Dataset section —
################

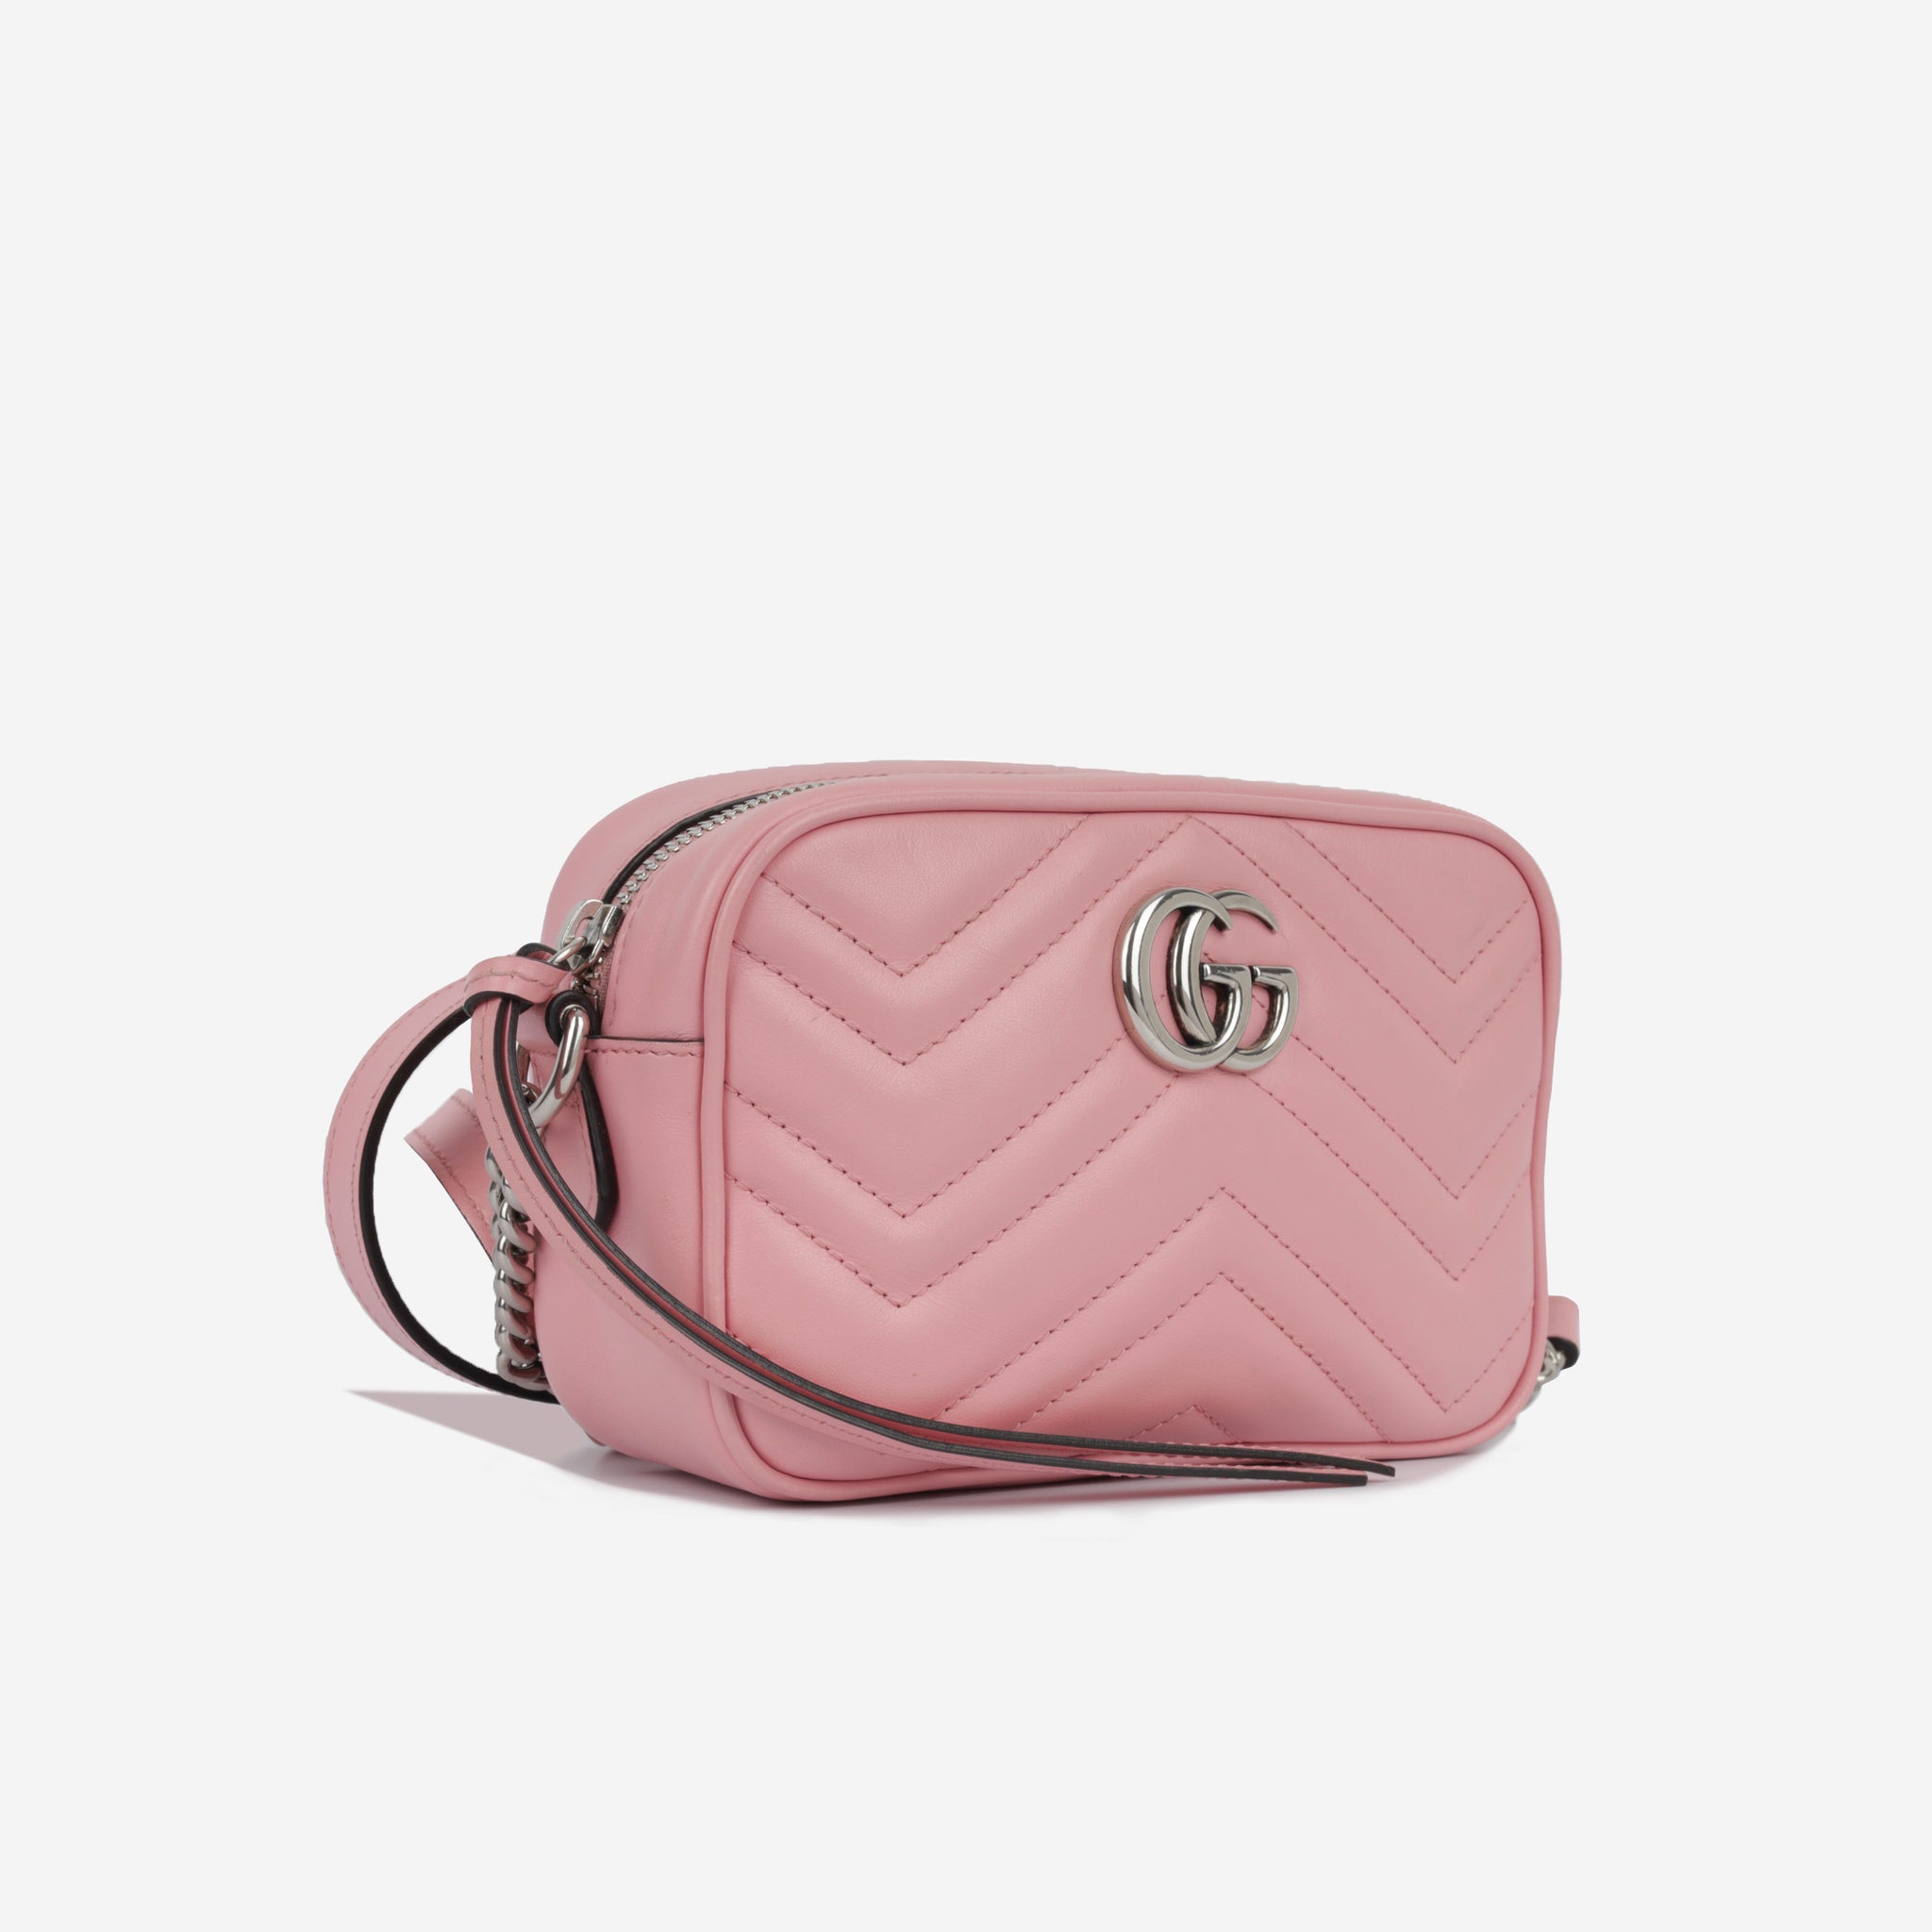 Gucci - Mini Marmont Bag - Pink Calfskin Matelassé Leather - SHW - Pre  Loved
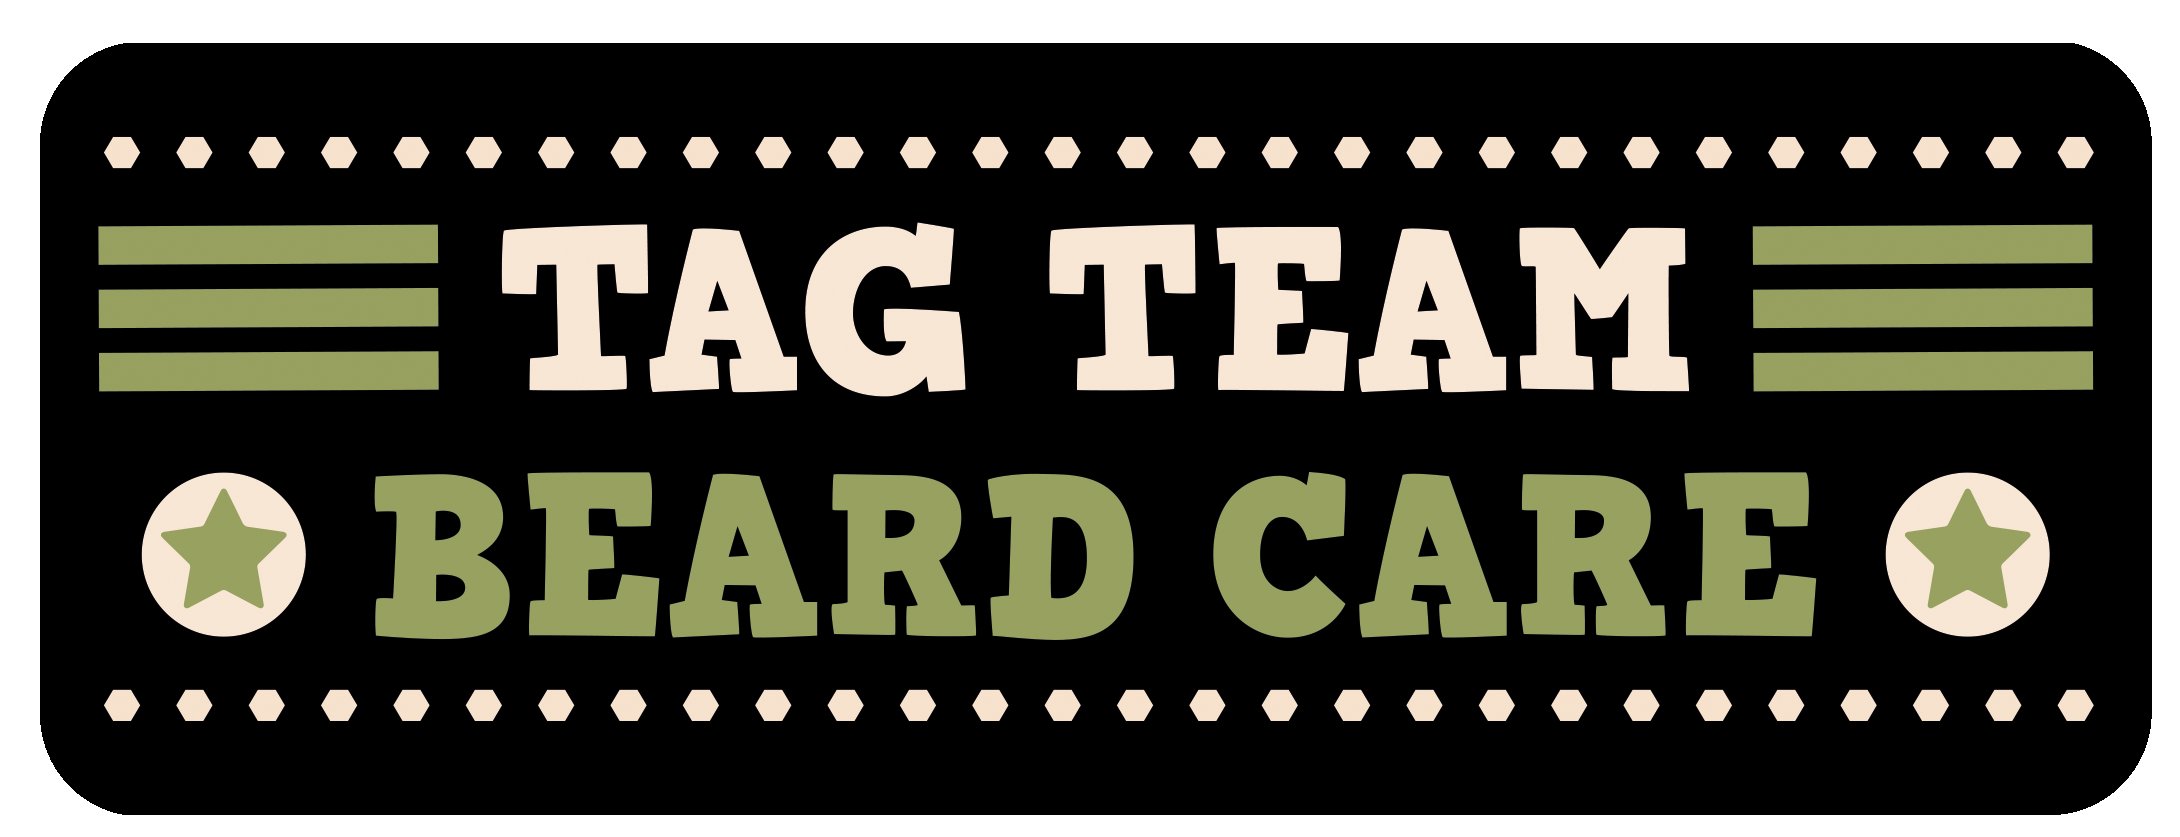 Tag Team Beard Care
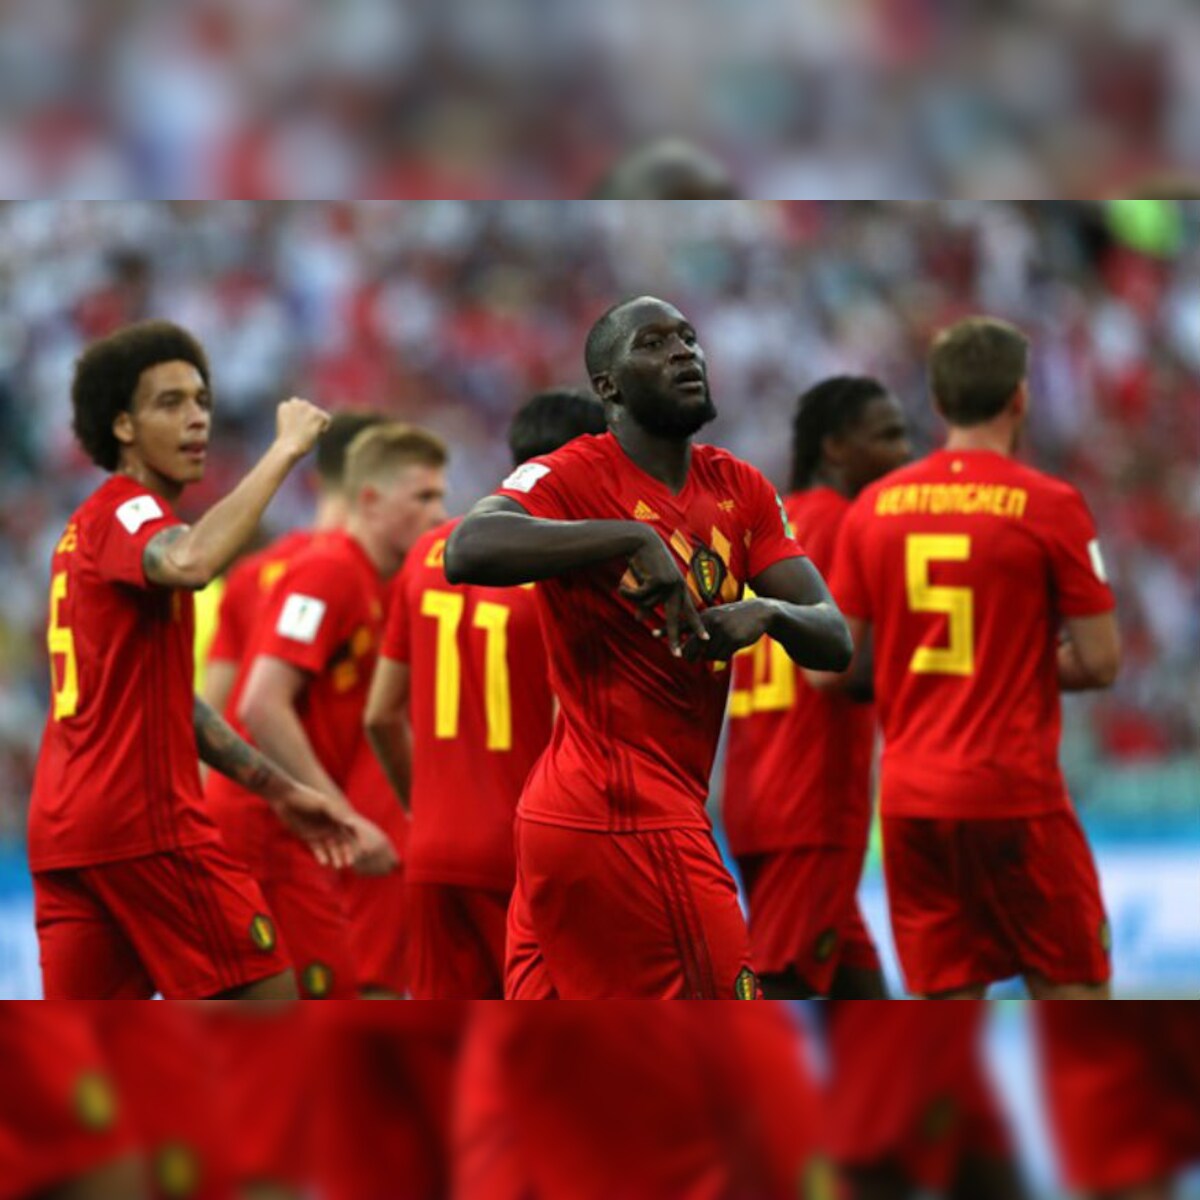 Fifa World Cup 18 Belgium Vs Panama Highlights As It Happened

################

What to produce —
Word for word, retype the lines from the one with "Tag Team Beard Care" through the final line of the data, both included. No pictures belong in the copy.

Result of this task —
 Tag Team Beard Care
 Fifa World Cup 18 Belgium Vs Panama Highlights As It Happened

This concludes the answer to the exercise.